**Work to complete:**
Set down the data below in full, exactly as it reads, but without the pictures.

**** Data extract

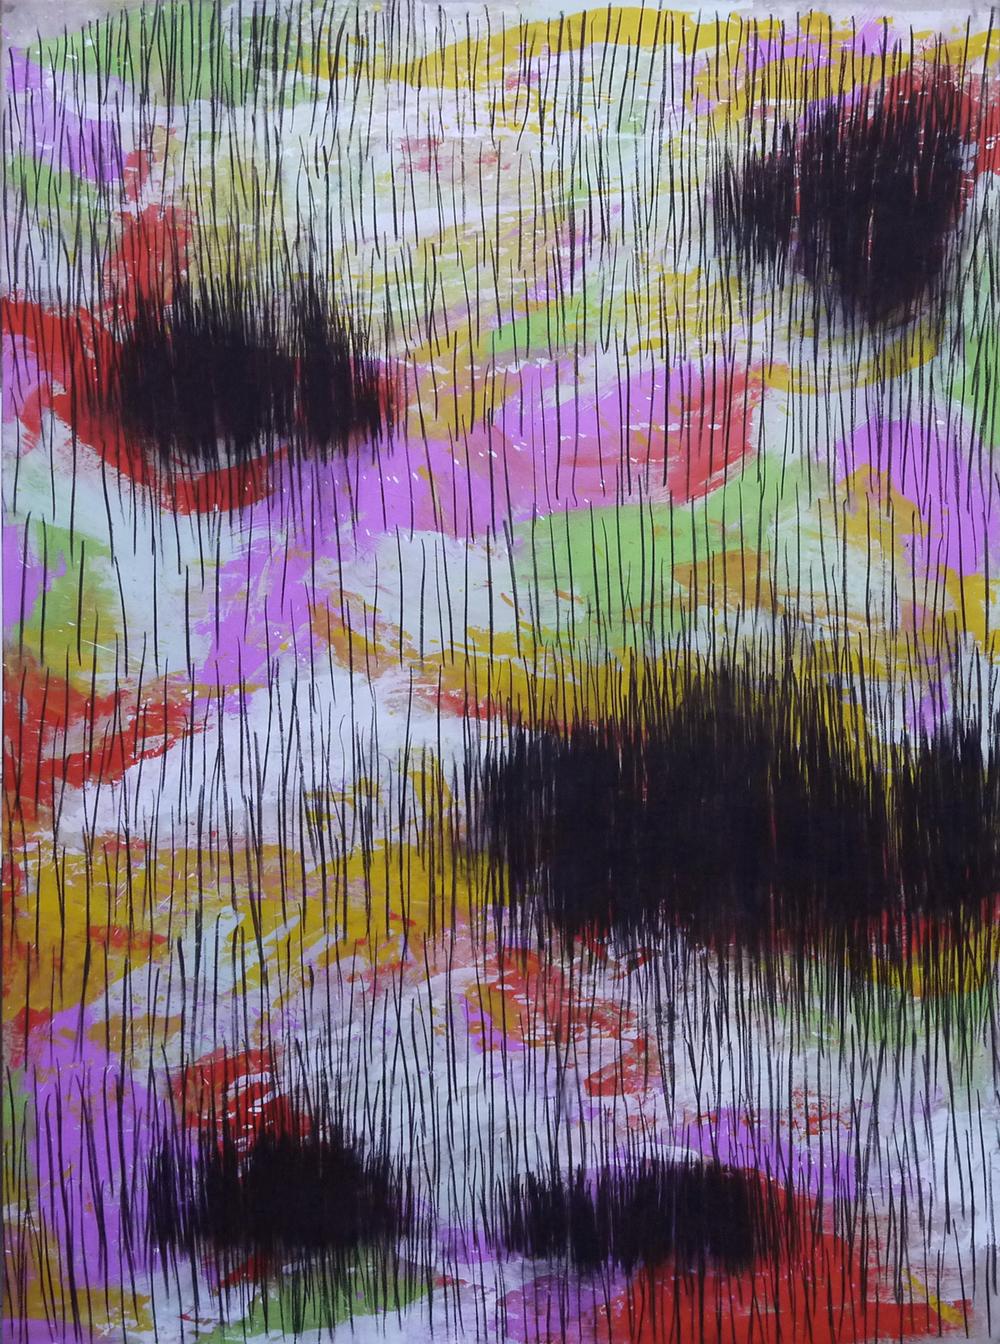 2011 - Paysages, noir brûlé / Black burnt landscape n°4
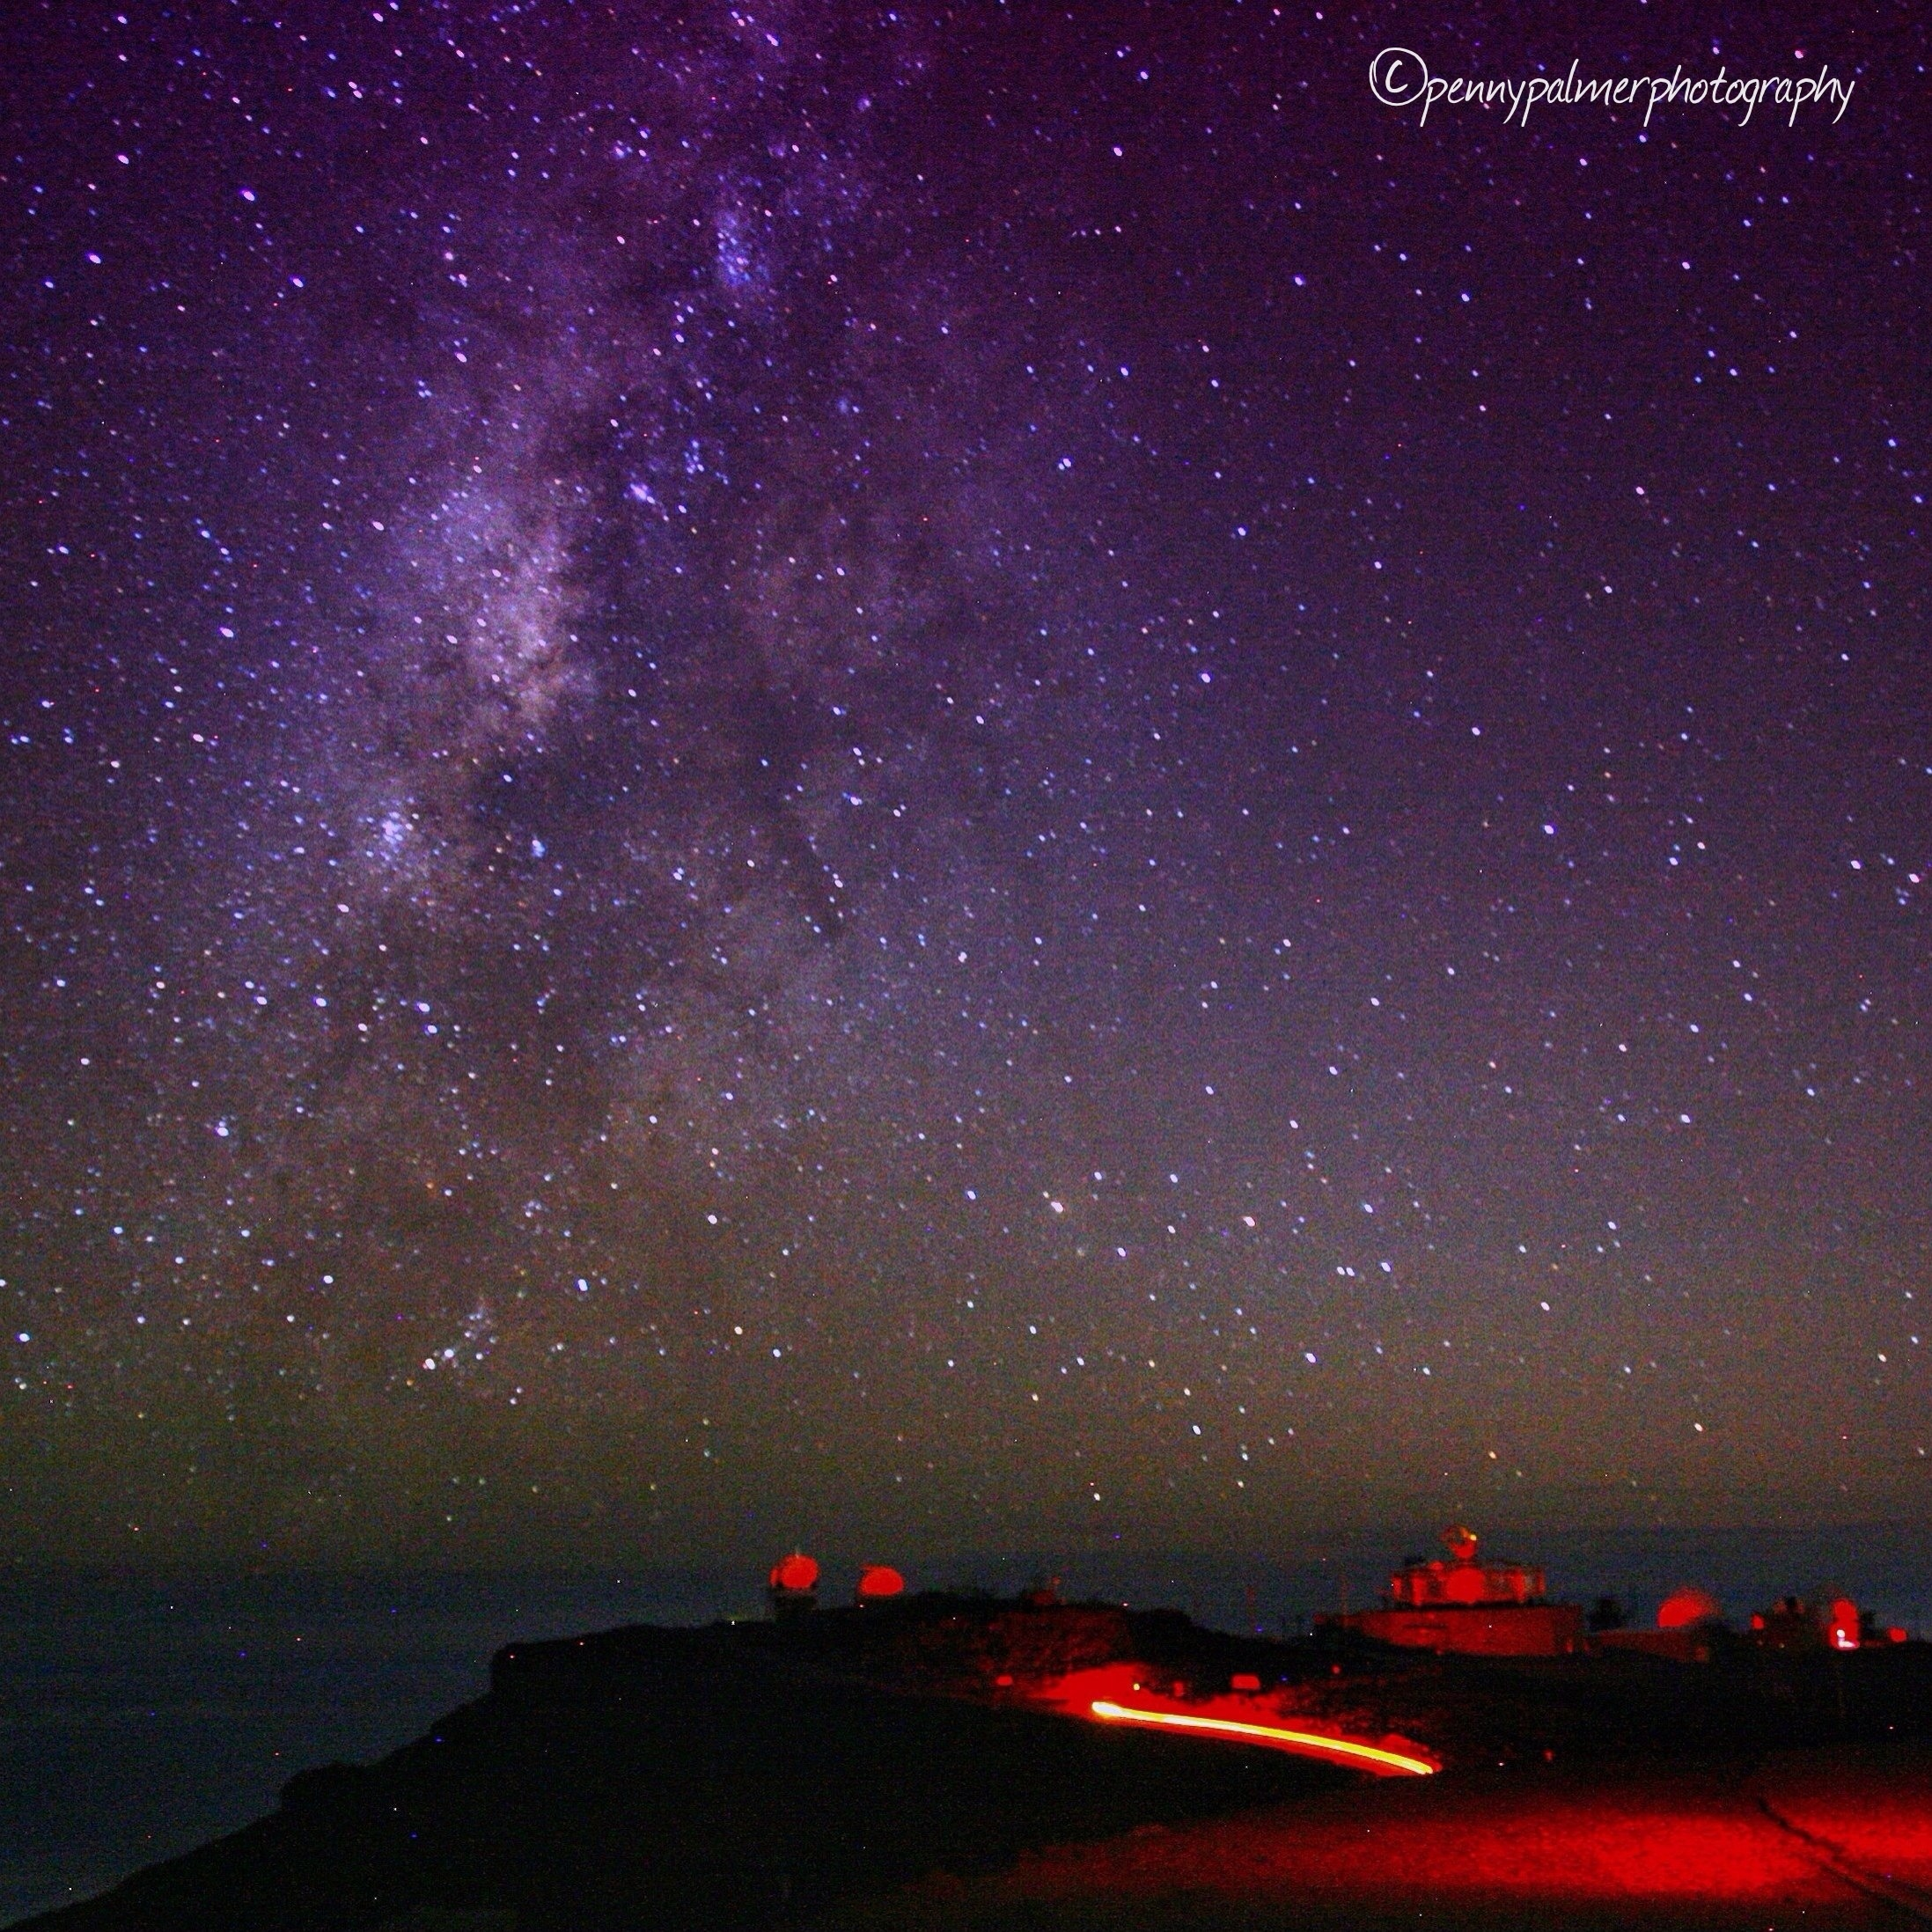 http://pennypalmerphotography.com/wp-content/uploads/2013/04/Haleakala-Milky-Way.jpg
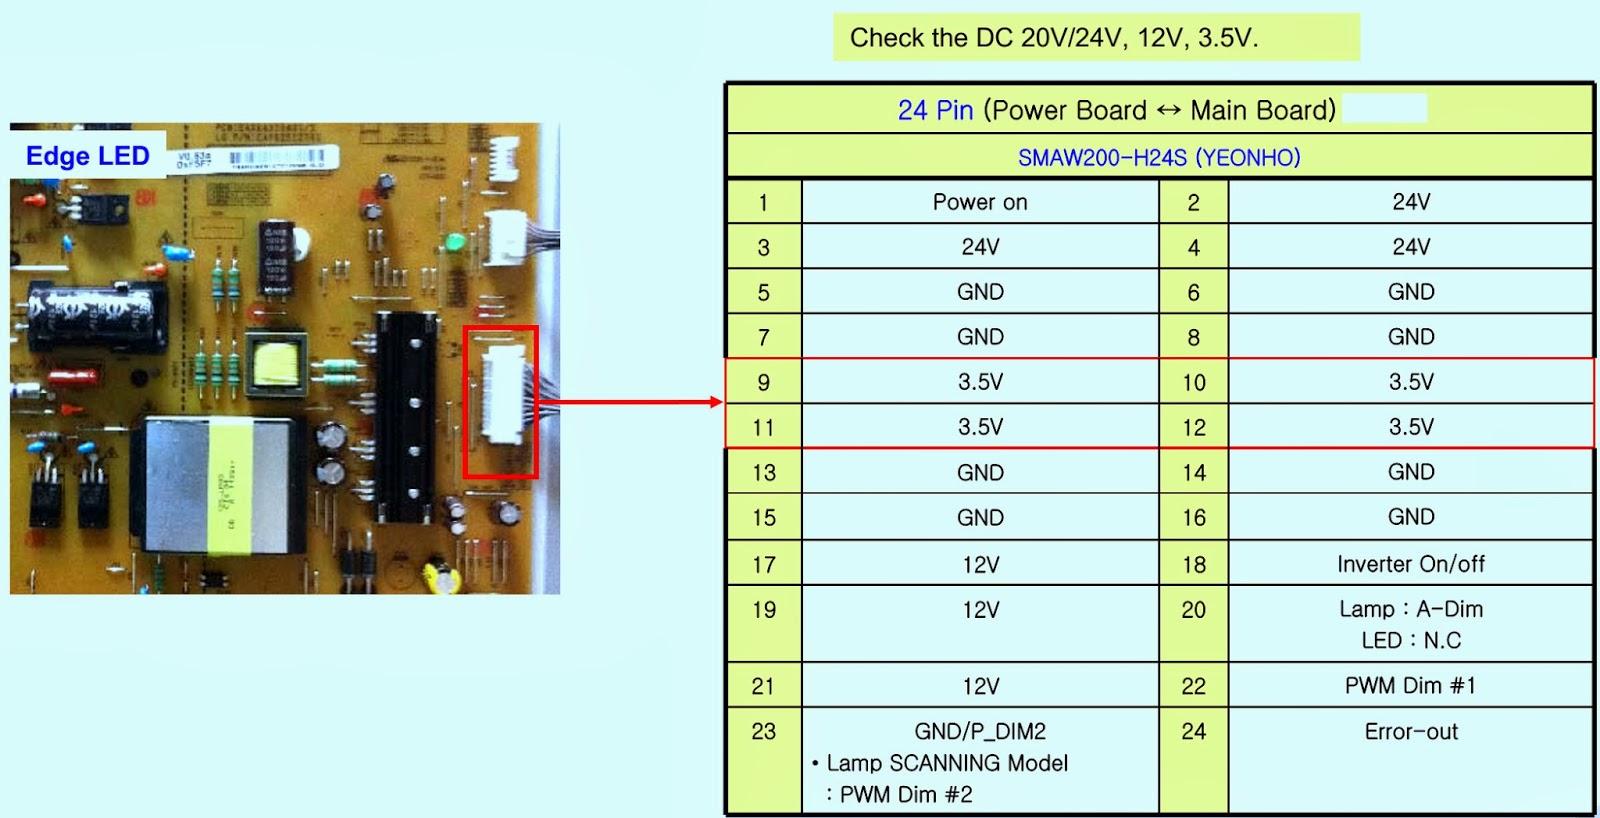 Kato Signal Wiring Diagram Wiring Diagrams moreover Betaflight F3 Wiring Diagram furthermore Traffic Light Controller Circuit further Westek Touch Dimmer Wiring Diagram as well Arduino Basics Controlling Led Part 2. on led circuit diagrams

********

**Answer to this task:**
 2011 - Paysages, noir brûlé / Black burnt landscape n°4
 http://pennypalmerphotography.com/wp-content/uploads/2013/04/Haleakala-Milky-Way.jpg
 Kato Signal Wiring Diagram Wiring Diagrams moreover Betaflight F3 Wiring Diagram furthermore Traffic Light Controller Circuit further Westek Touch Dimmer Wiring Diagram as well Arduino Basics Controlling Led Part 2. on led circuit diagrams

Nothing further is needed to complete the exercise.